O projeto de lei que prevê a extinção de cargos comissionados na Câmara de Araçatuba será discutido na sessão de segunda-feira (9). De autoria da Mesa Diretora, a proposta prevê a extinção de 15 cargos efetivos de assistente legislativo e 15 cargos em comissão de assessor de relações parlamentares. No entanto, segundo explicou a presidente da Câmara, a vereadora Tieza Marques (PSDB), os 15 cargos efetivos criados em 2015 nunca foram preenchidos, por isso a lei será revogada.
De acordo com a justificativa do projeto, há tempo o TCE (Tribunal de Contas do Estado de São Paulo) aponta em seus relatórios o número de cargos em comissão da estrutura administrativa da Câmara. “Em atenção aos apontamentos do TCE, as Mesas Diretoras vêm buscando diminuir cargos dessa natureza por conta própria e também por determinação do Tribunal de Justiça do Estado.”
A Câmara possui hoje seis cargos em comissão na Secretaria Administrativa e 45 nos gabinetes dos vereadores, ou seja, cada gabinete conta com três desses servidores. “Lembramos que nesta legislatura foram criados mais nove cargos em razão do número de vereadores ter aumentado de 12 para 15”.
Ainda conforme o projeto, não existe um percentual exato no que se refere a quantos cargos em comissão podem existir em relação ao número de cargos efetivos, pois o órgão fiscalizador aponta que existem mais comissionados do que efetivos, mas ao mesmo tempo não informa qual o número ou percentual aceitável.

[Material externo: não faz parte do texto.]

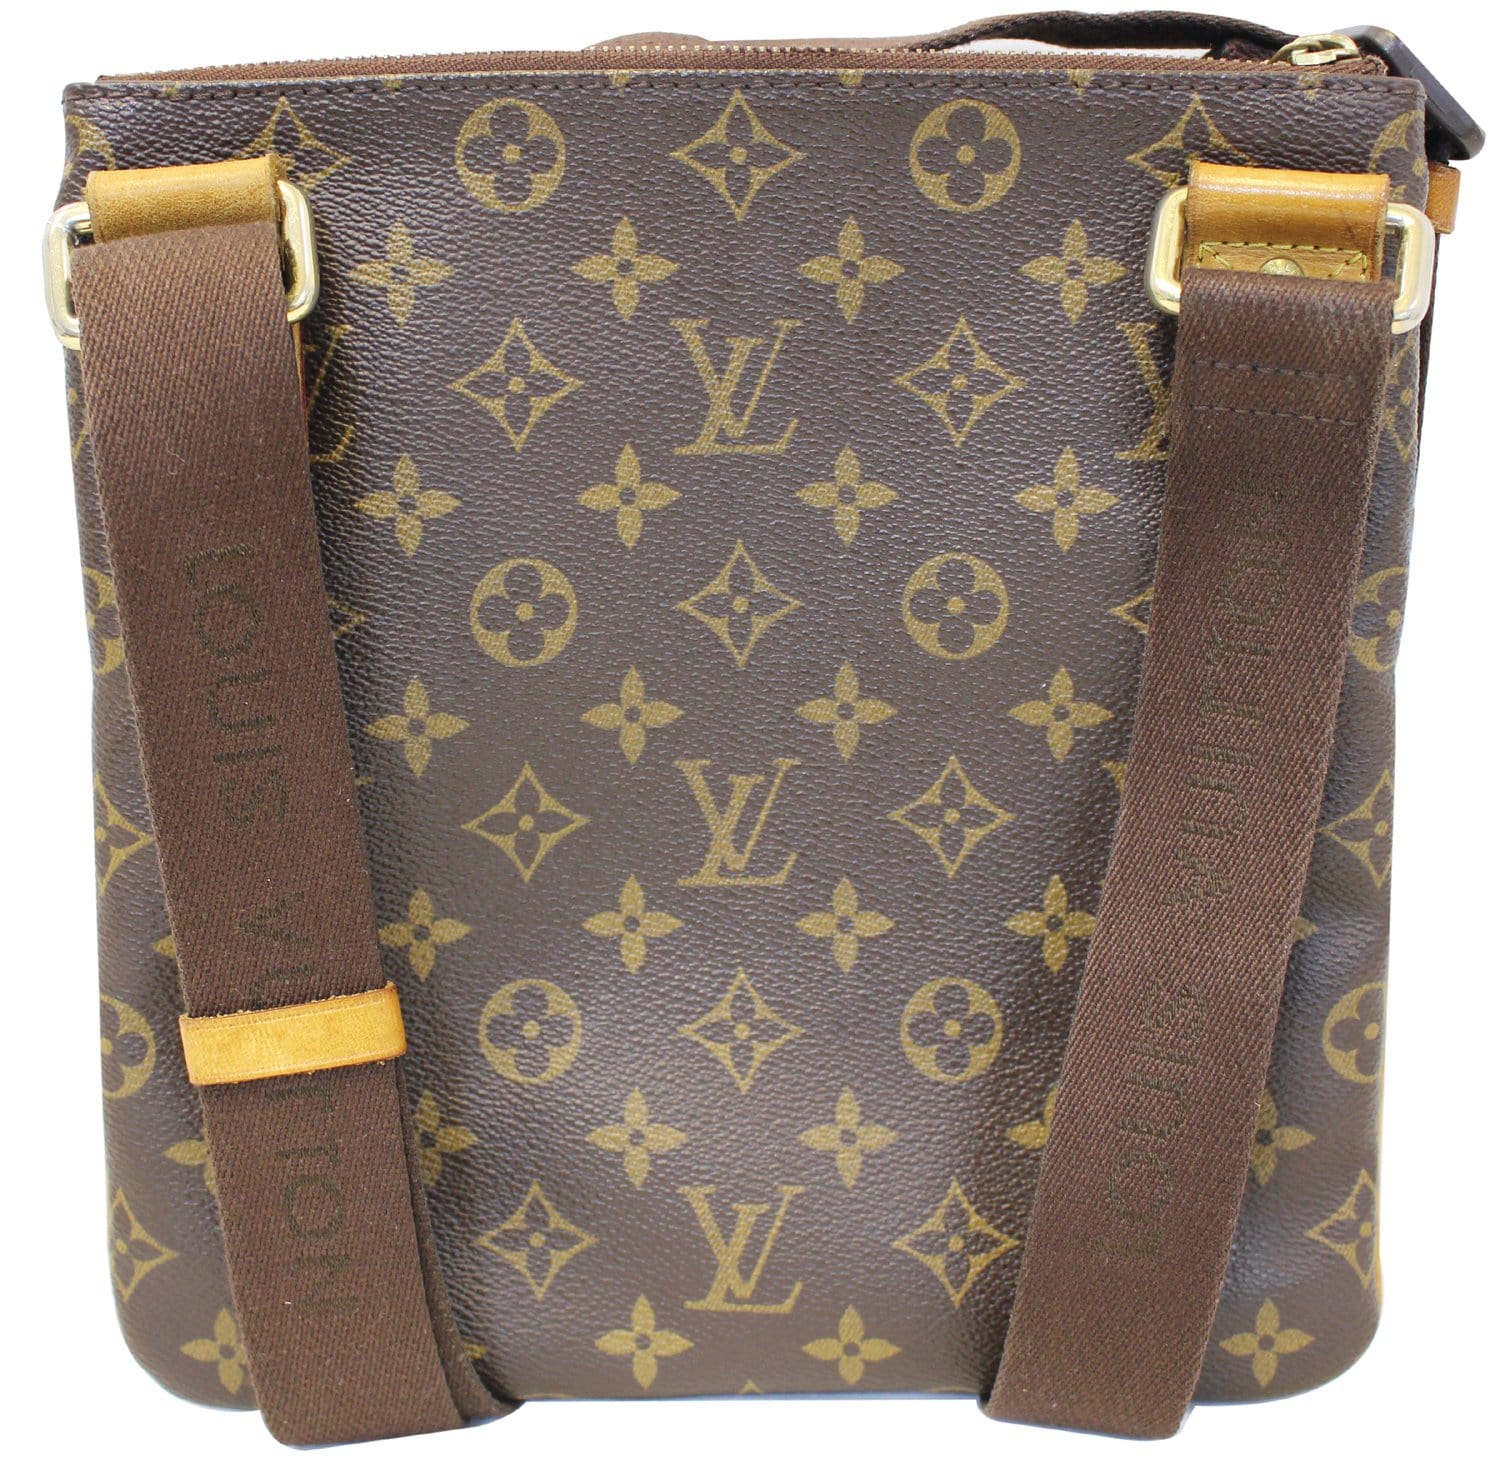 Louis Vuitton Louis Vuitton Valmy MM Monogram Canvas Messenger Bag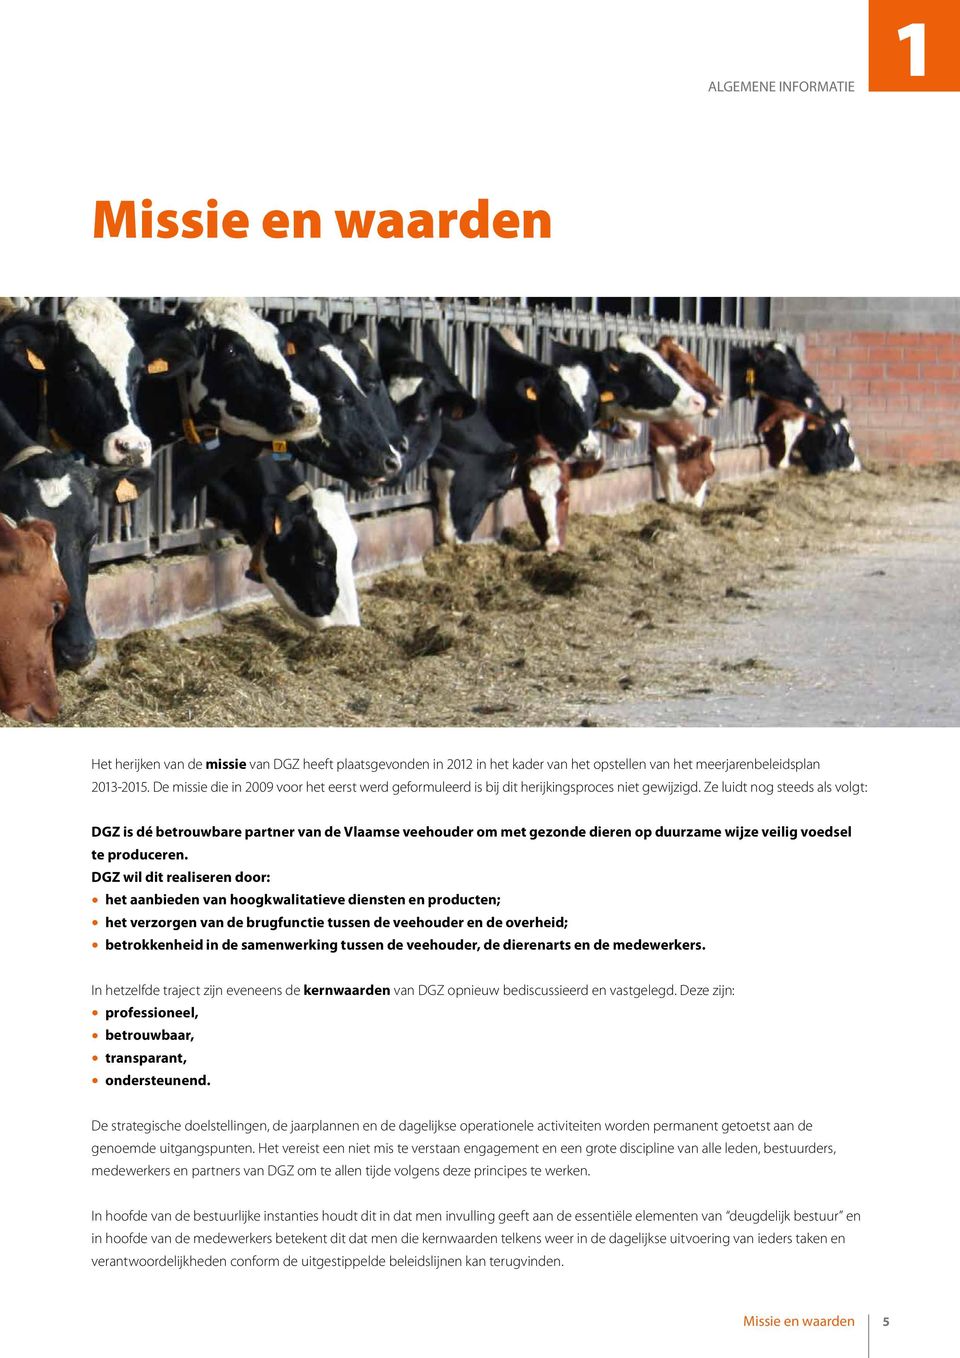 Ze luidt nog steeds als volgt: DGZ is dé betrouwbare partner van de Vlaamse veehouder om met gezonde dieren op duurzame wijze veilig voedsel te produceren.

“Assim, desta forma, estamos propondo a extinção de 15 cargos de assessor de relações parlamentares, passando os gabinetes dos vereadores a contarem com apenas dois servidores em comissão. Também propomos a extinção de 15 cargos efetivos de assistente legislativo, que foram criados para exercerem suas atividades junto aos gabinetes dos vereadores. Com esta medida, estamos atendendo àquilo que foi orientado e apontado pelo TCE, medida essa que também vai reduzir em muito os valores gastos com folha de pagamento, devendo a Câmara adequar seu orçamento”.
Salários
A polêmica sobre o número de assessores começou com a divulgação, nas redes sociais, em abril deste ano, dos altos salários no Legislativo. Na época, levantamento feito pelo Hojemais Araçatuba mostrava que o salário do chefe de gabinete do vereador Denilson Pichitelli (PSL), em março, no valor de R$ 20.779,20, era praticamente o mesmo do prefeito Dilador Borges (PSDB), em fevereiro.
Alguns vereadores, como Lucas Zanatta (PV) e Flávio Salatino (MDB), já se posicionaram contra o projeto, pois defendem a extinção e recriação de cargos com salários menores do que os praticados atualmente.
Urgência
Em regime de urgência, o Plenário deverá apreciar na próxima sessão, projeto de lei também da Mesa Diretora, que reajusta em 2,75% os salários dos servidores públicos do Legislativo a partir do dia 1º de janeiro de 2020.
O percentual corresponde ao IPCA (Índice Nacional de Preços ao Consumidor Amplo) acumulado no período de dezembro de 2018 a outubro de 2019, em atendimento à revisão geral anual prevista na Constituição.
A pauta tem no total 24 itens, sendo 13 deles referentes à autorização de concessões de uso de áreas de terra em parque e distrito industriais para empresas atuarem nesses locais.